最近有一个很简单的需求,今天趁着下班赶紧写一下。

需求描述如下:log日志中存在ip,url,time三个元素,需要获取 x 秒内访问不同URL超过 max次的恶意ip。

0x01 实现思路

问题的本质在于获取恶意ip,x秒只是一个限制条件,因此问题可以简化为获取{ip:[url1,url2]}这样字典,算一下url_list的len即可获取恶意ip。

0x02 show me the code

这里我以nginx log为例,做下简单实现。默认的nginx log格式如下:

67.218.129.173 - - [15/Jul/2019:16:41:53 +0000] "GET /atom.xml HTTP/1.1" 304 0 "-" "Tiny Tiny RSS/19.02 (http://tt-rss.org/)"

Python实现

#!/usr/bin/env python
# coding=utf-8
# date: 20190715 night, about 1.5 hours
# author: thinkycx
# desciription:
#       try to get malicious ip from nginx log.
#       malicious ip: the number of different urls accessed is larger than MAX within x seconds
# usage:
#       python find_malicious_ip.py <path>/access.log
import time
import json
import sys


def parse_nginx_log(file_path):
    """
    :param filepath: nginx log file path
    :return: list of (url, ip, time)
    """
    result = list()
    try:
        with open(file_path, 'r') as f:

            line = f.readline()                                     # read each line of a file
            while line:
                ttime = line.split("[")[1].split(" ")[0]            # 15/Jul/2019:02:47:40
                ip = line.split(" ")[0]                             # 47.254.91.114
                url = str(line.split("] \"")[1]).split(" ")[1]      # /posts/2018-08-08-CVE-2017-8890-analysis.html

                result.append([url, ip, ttime])
                line = f.readline()
    except IOError as err:
        print("[*] Failed to open file.\n " + str(err))

    return result



def find_malicious_ip(input_list, within_time, max_count):
    """
    :param input_list: list of [url, ip, time]
    :param within_time: time
    :param max_count:   the max number of different urls
    :return:   { ip1: [[url1,time1], [url2,time2]], ip2: ...}
    """

    tmp_dict = dict()
    now_time = time.time()
    for i in input_list:
        url = i[0]
        ip = i[1]
        ttime = i[2]
        timestamp = time.mktime(time.strptime(ttime, '%d/%b/%Y:%H:%M:%S'))  # 1563130060.0

        if now_time - timestamp > within_time:                              # time check
            continue

        if ip not in tmp_dict:                                              # check unique ip
            tmp_dict[ip] = [[url, ttime]]
        else:
            unique = 1
            url_ttime_list = tmp_dict[ip]
            for j in url_ttime_list:                                        # append unique url into url_time_list
                if url == j[0]:
                    unique = 0
                    break
            if unique == 1:
                url_ttime_list.append([url, ttime])
                tmp_dict[ip] = url_ttime_list

    result_dict = dict()                                                    # check the number of urls
    for ip in tmp_dict:
        if len(tmp_dict[ip]) > max_count:
            result_dict[ip] = tmp_dict[ip]
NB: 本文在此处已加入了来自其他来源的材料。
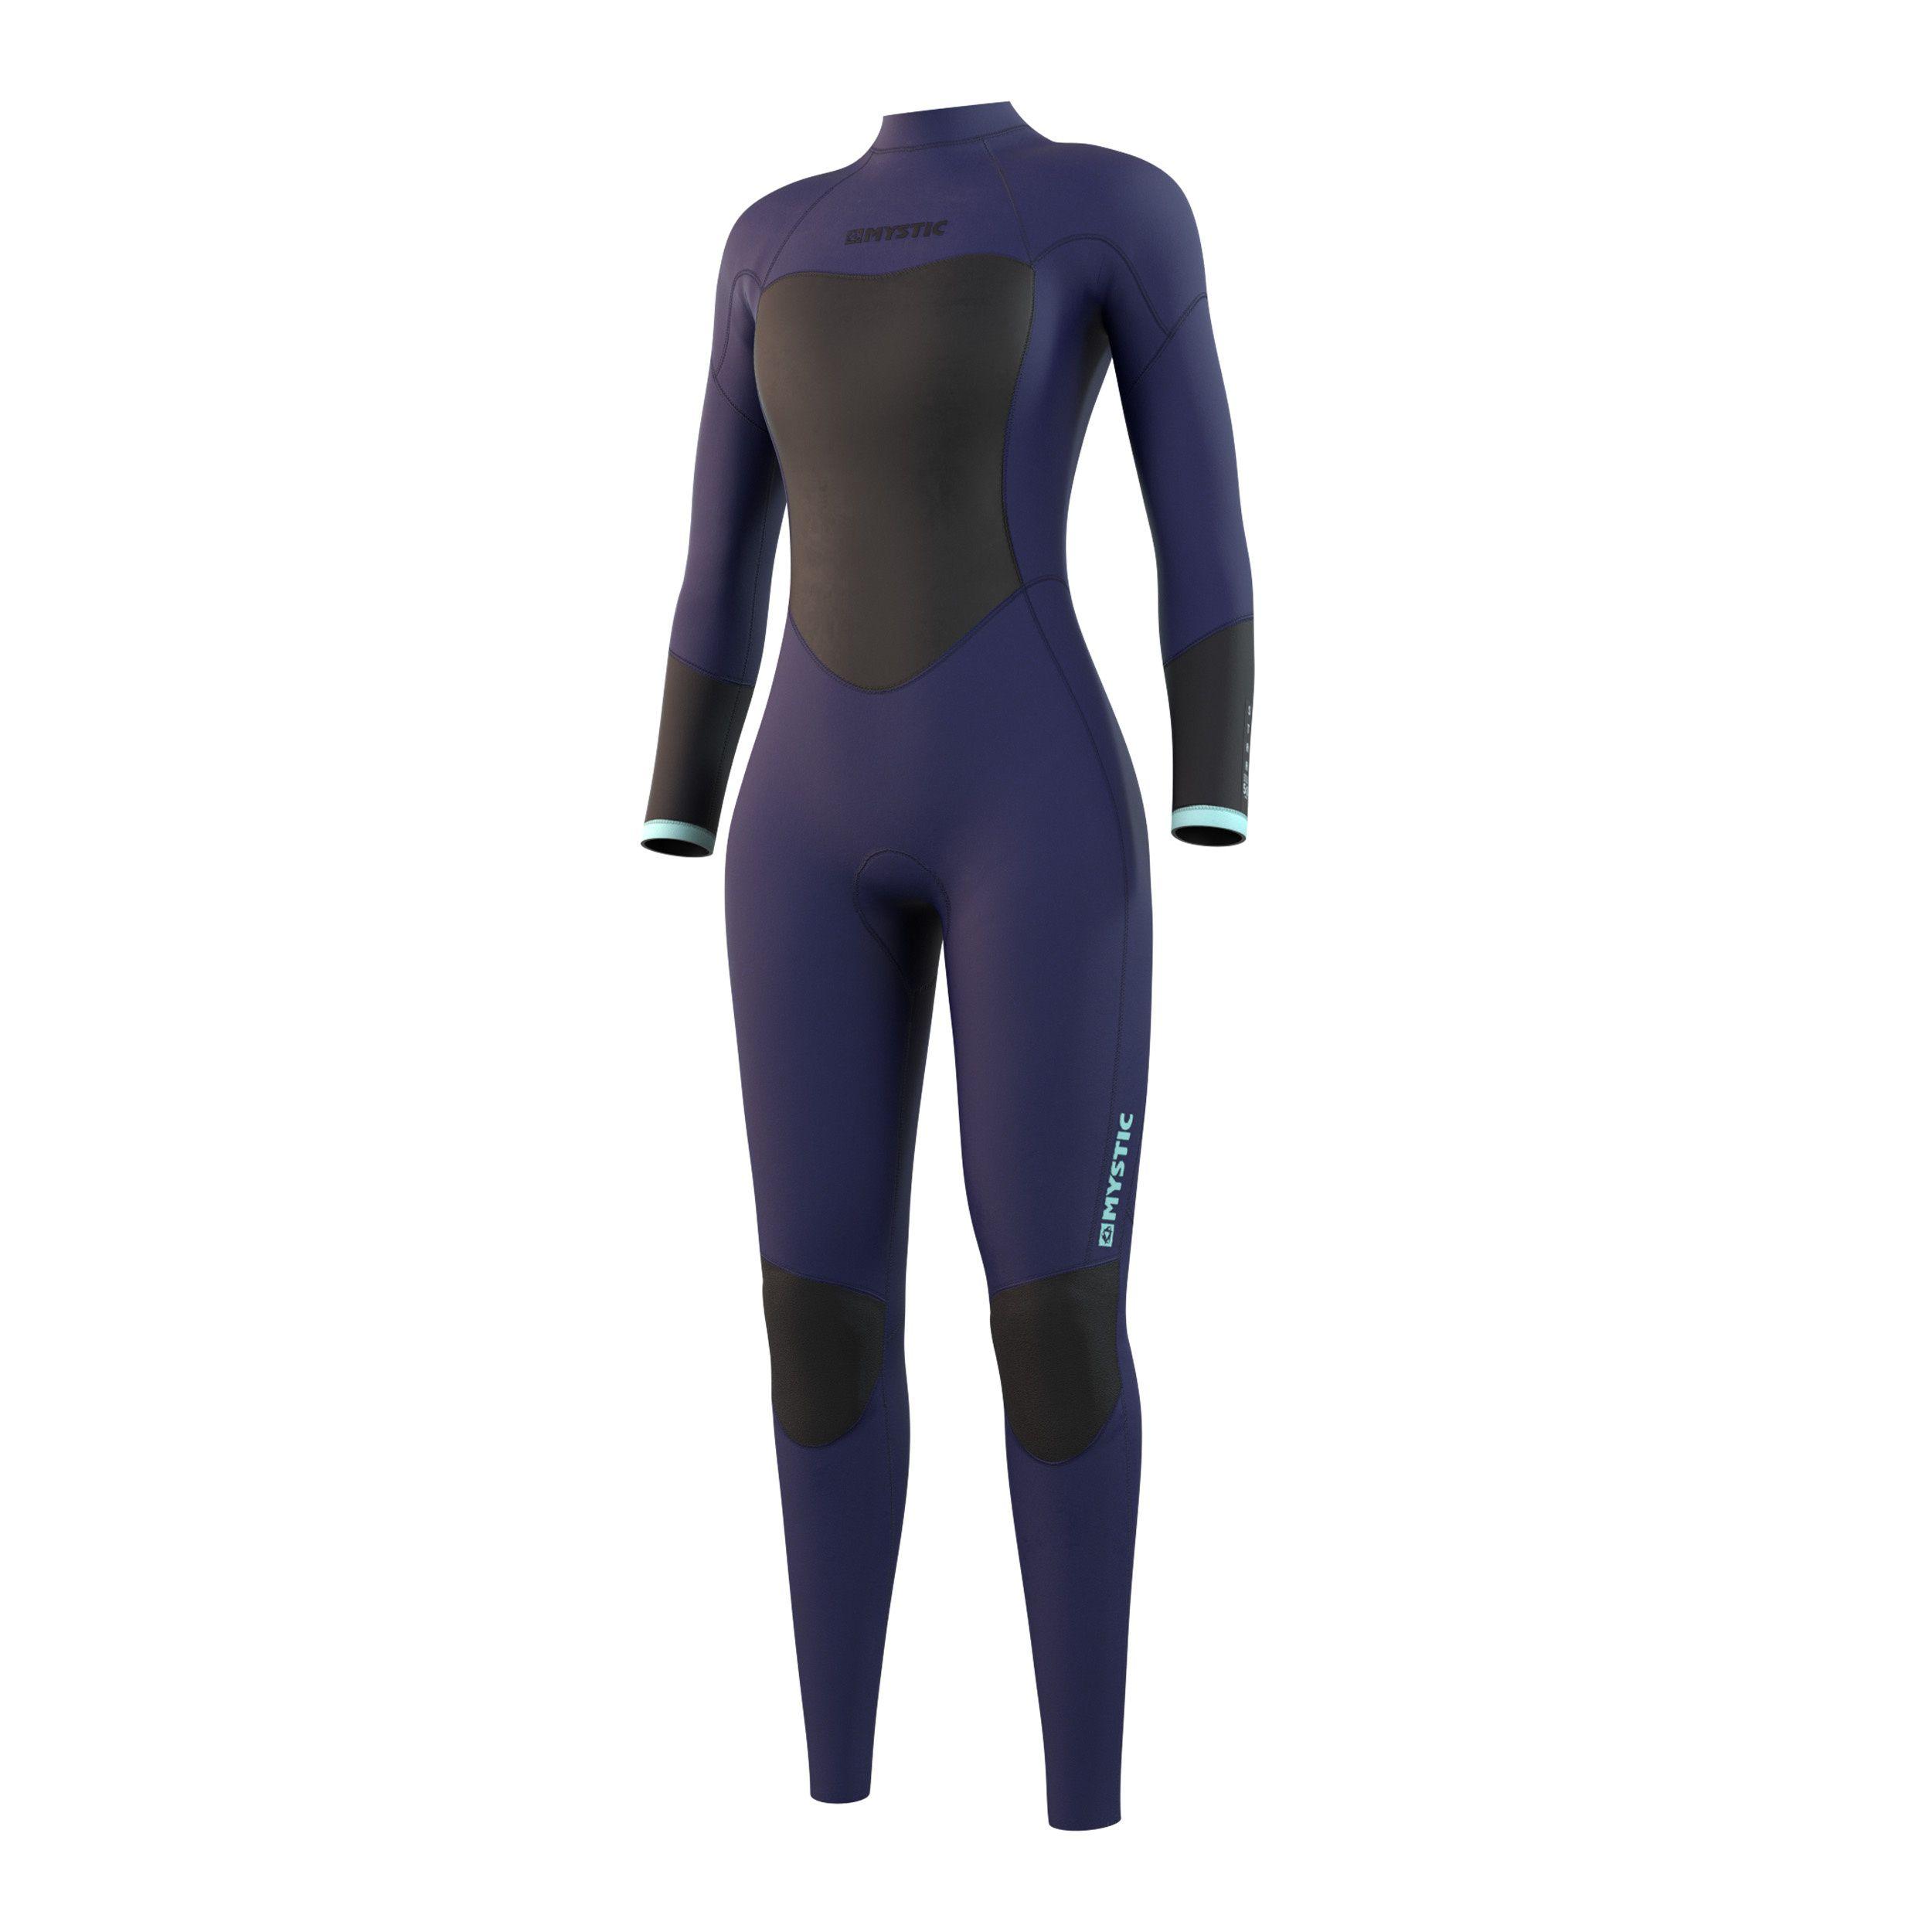 Mystic dames wetsuit Star 5/4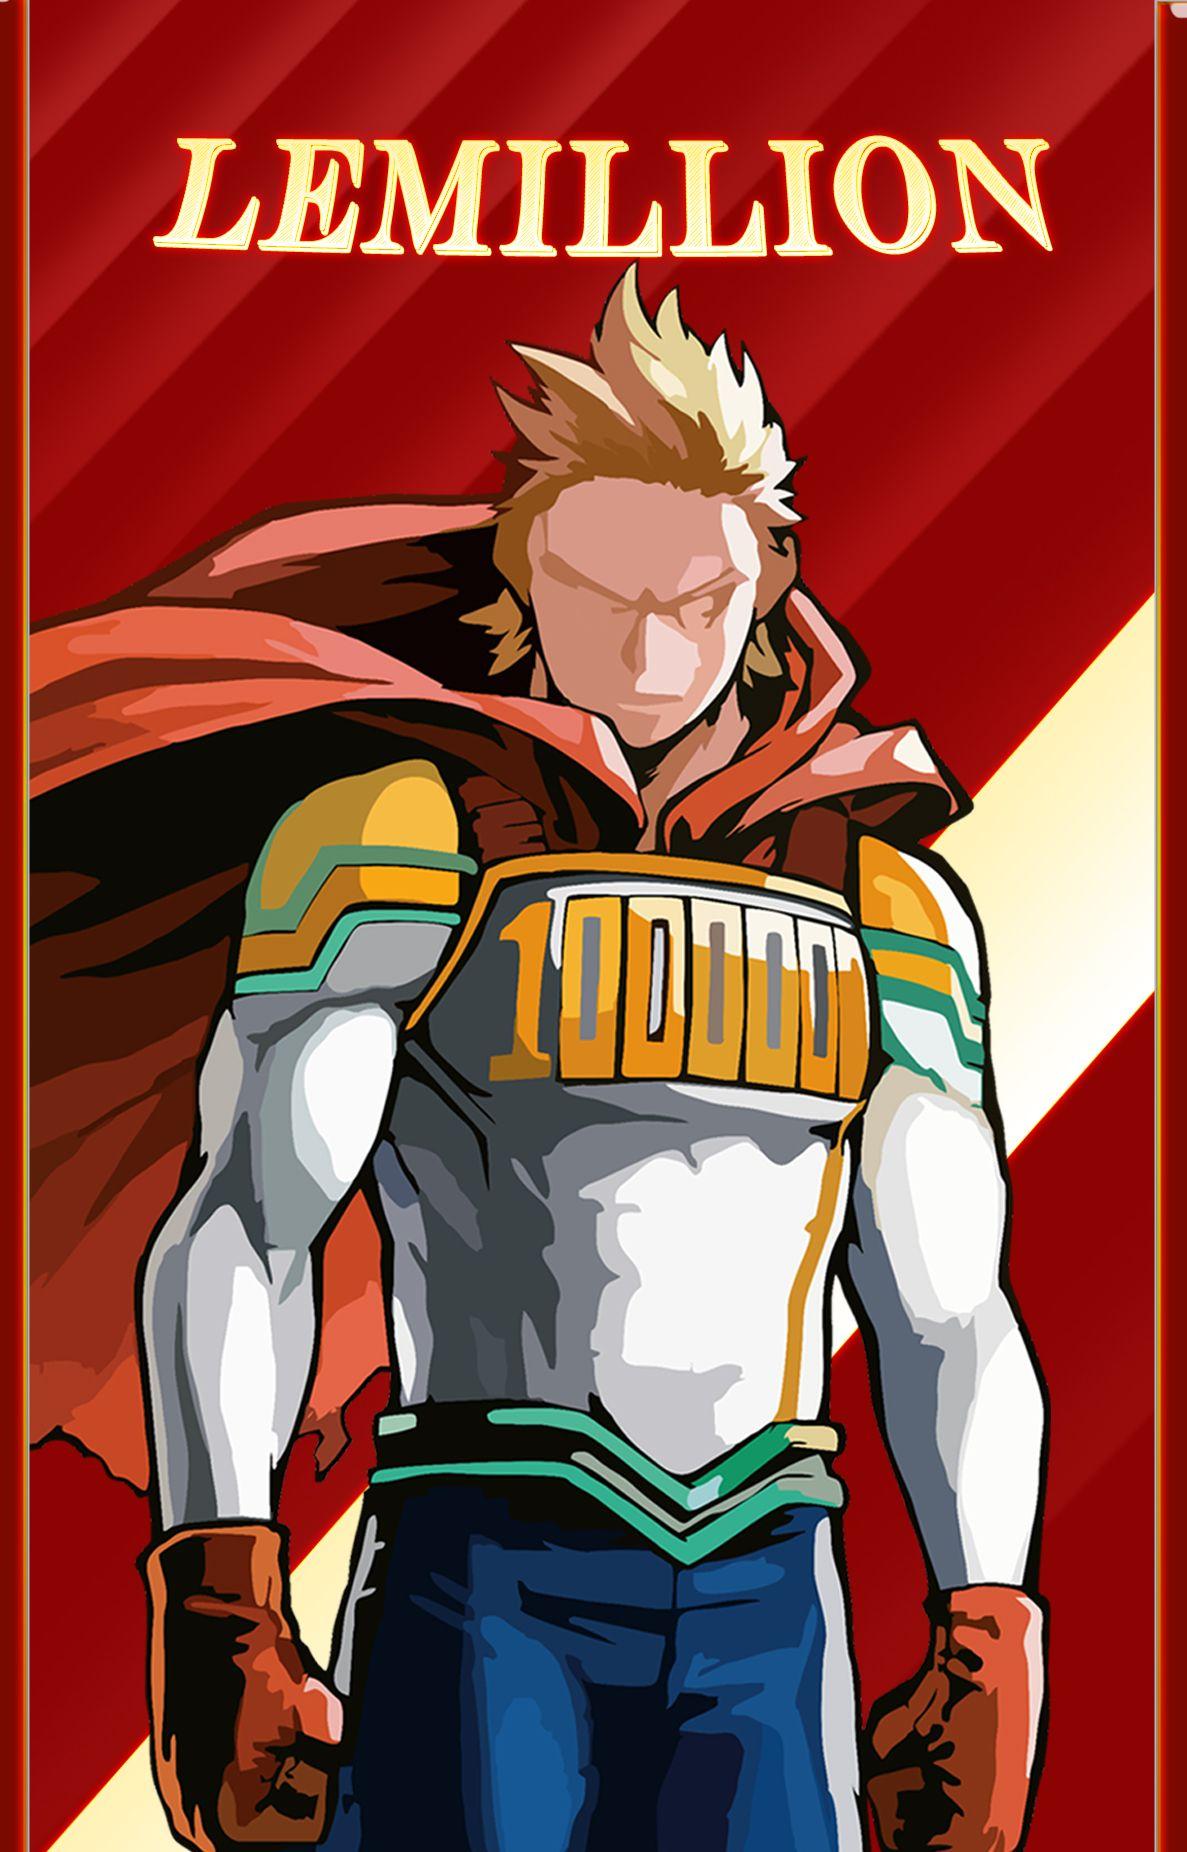 Hero Million Iphone 12 Soft By Ddsmodas In 2021 Hero My Hero Academia Episodes Hero Wallpaper

    return json.dumps(result_dict)


if __name__ == '__main__':
    if len(sys.argv) < 2:
        print("python find_malicious_ip.py <path>/access.log")

    file_path = sys.argv[1]
    input_list = parse_nginx_log(file_path)

    within_time = 60*60*24*30
    max_count = 30
    result_dict = find_malicious_ip(input_list, within_time, max_count)
    print(result_dict)

0x03 result

起初写了一个只获取IP和URL的版本,效果如图所示:

后来考虑到TIME这个维度其实有保留的必要,增加了TIME之后,在线格式化的效果如下:

0x04 总结

问题简化的能力、冷静思考的能力...都很重要。